Apache HCatalog - Amazon EMR

Apache HCatalog

HCatalog is a tool that allows you to access Hive metastore tables within Pig, Spark SQL, and/or custom MapReduce applications. HCatalog has a REST interface and command line client that allows you to create tables or do other operations. You then write your applications to access the tables using HCatalog libraries. For more information, see Using HCatalog. HCatalog is included in Amazon EMR release version 4.4.0 and later.

HCatalog on Amazon EMR release version 5.8.0 and later supports using AWS Glue Data Catalog as the metastore for Hive. For more information, see Using AWS Glue Data Catalog as the metastore for Hive.

The following table lists the version of HCatalog included in the latest release of the Amazon EMR 6.x series, along with the components that Amazon EMR installs with HCatalog.

For the version of components installed with HCatalog in this release, see Release 6.15.0 Component Versions.

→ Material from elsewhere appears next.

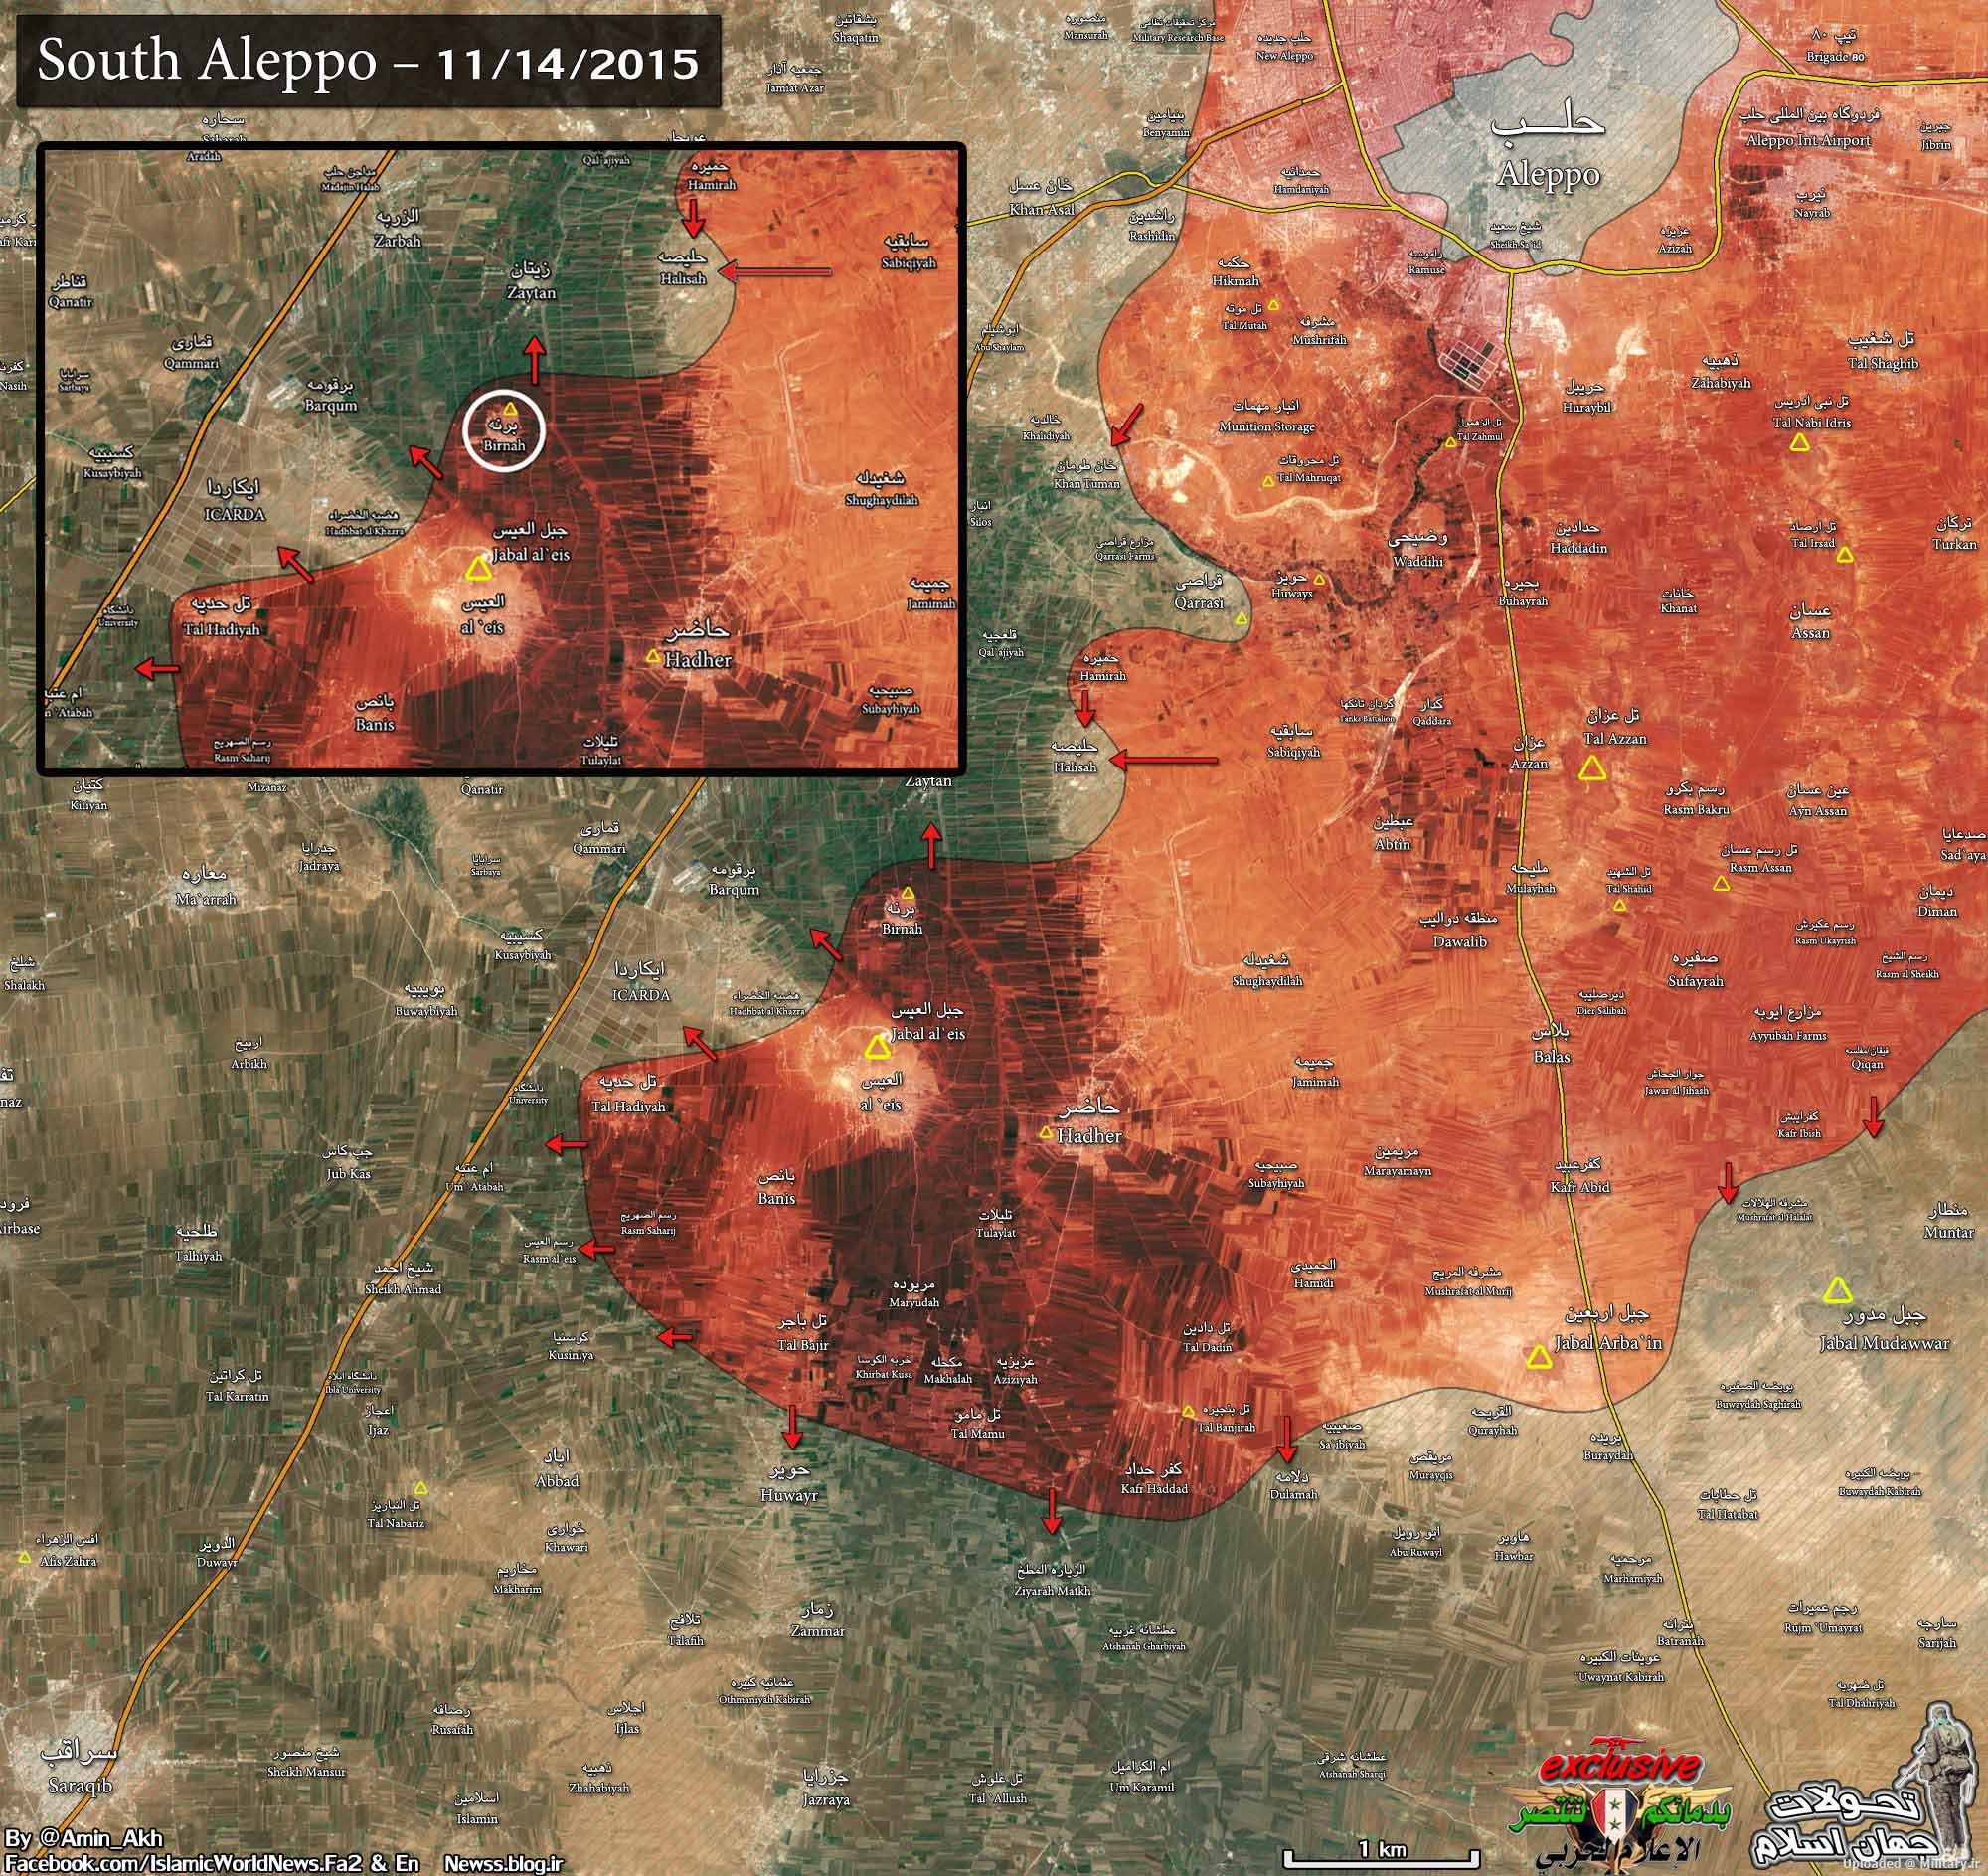 South_Aleppo_1km_cut1_14nov_23aban.JPG
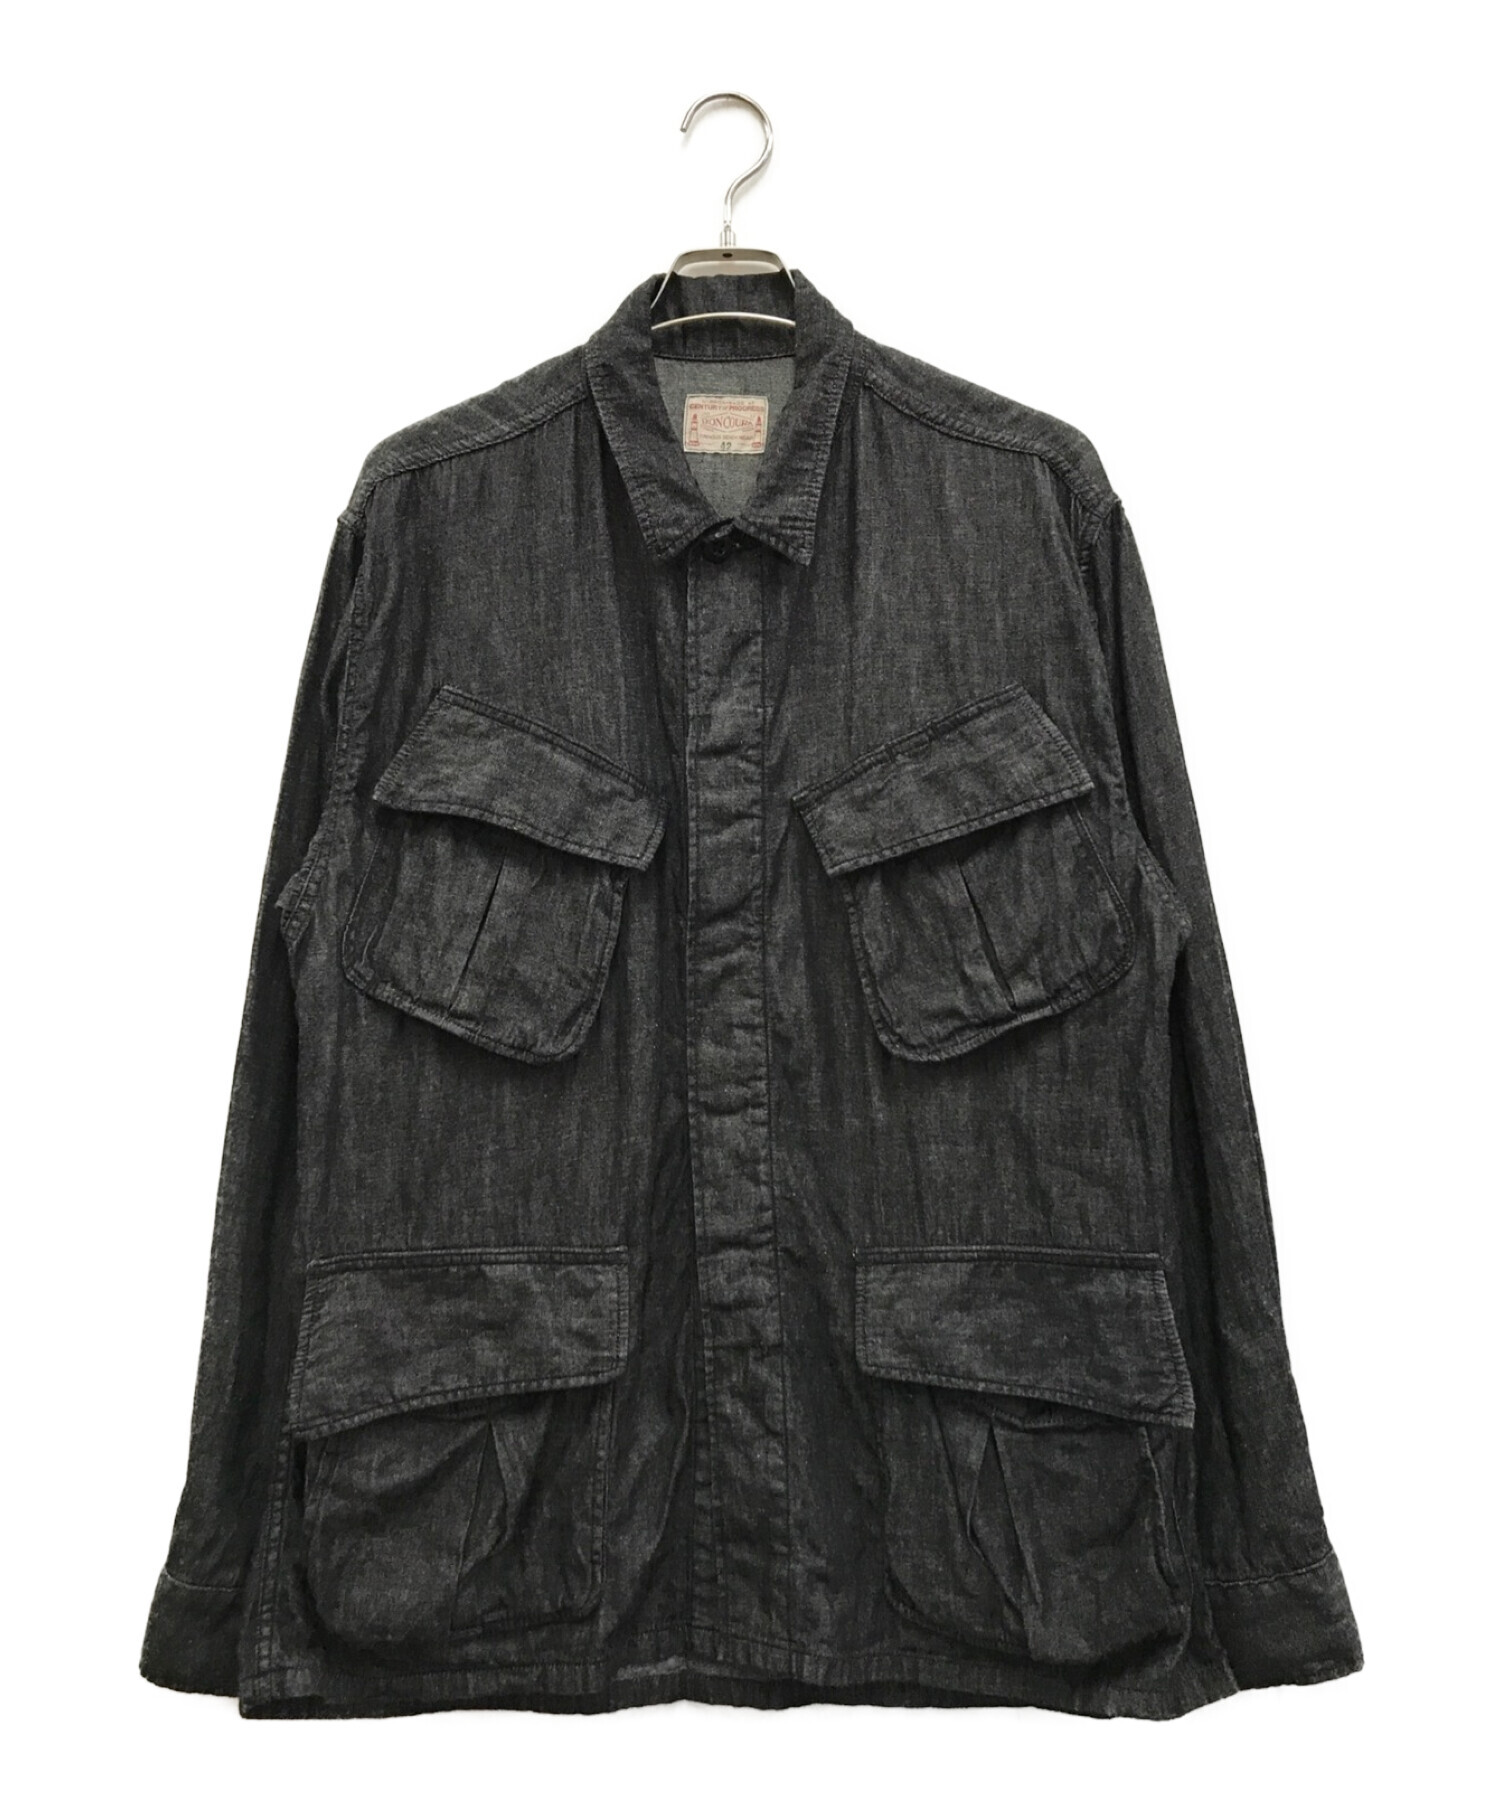 BONCOURA (ボンクラ) リネン混ジャングルファティーグジャケット ブラック サイズ:42

HCatalog version information for emr-6.15.0
Amazon EMR Release Label HCatalog Version Components Installed With HCatalog

emr-6.15.0

HCatalog 3.1.3

emrfs, emr-ddb, emr-goodies, emr-kinesis, hadoop-client, hadoop-mapred, hadoop-hdfs-datanode, hadoop-hdfs-library, hadoop-hdfs-namenode, hadoop-kms-server, hadoop-yarn-nodemanager, hadoop-yarn-resourcemanager, hadoop-yarn-timeline-server, hcatalog-client, hcatalog-server, hcatalog-webhcat-server, hive-client, mariadb-server

The following table lists the version of HCatalog included in the latest release of the Amazon EMR 5.x series, along with the components that Amazon EMR installs with HCatalog.

For the version of components installed with HCatalog in this release, see Release 5.36.1 Component Versions.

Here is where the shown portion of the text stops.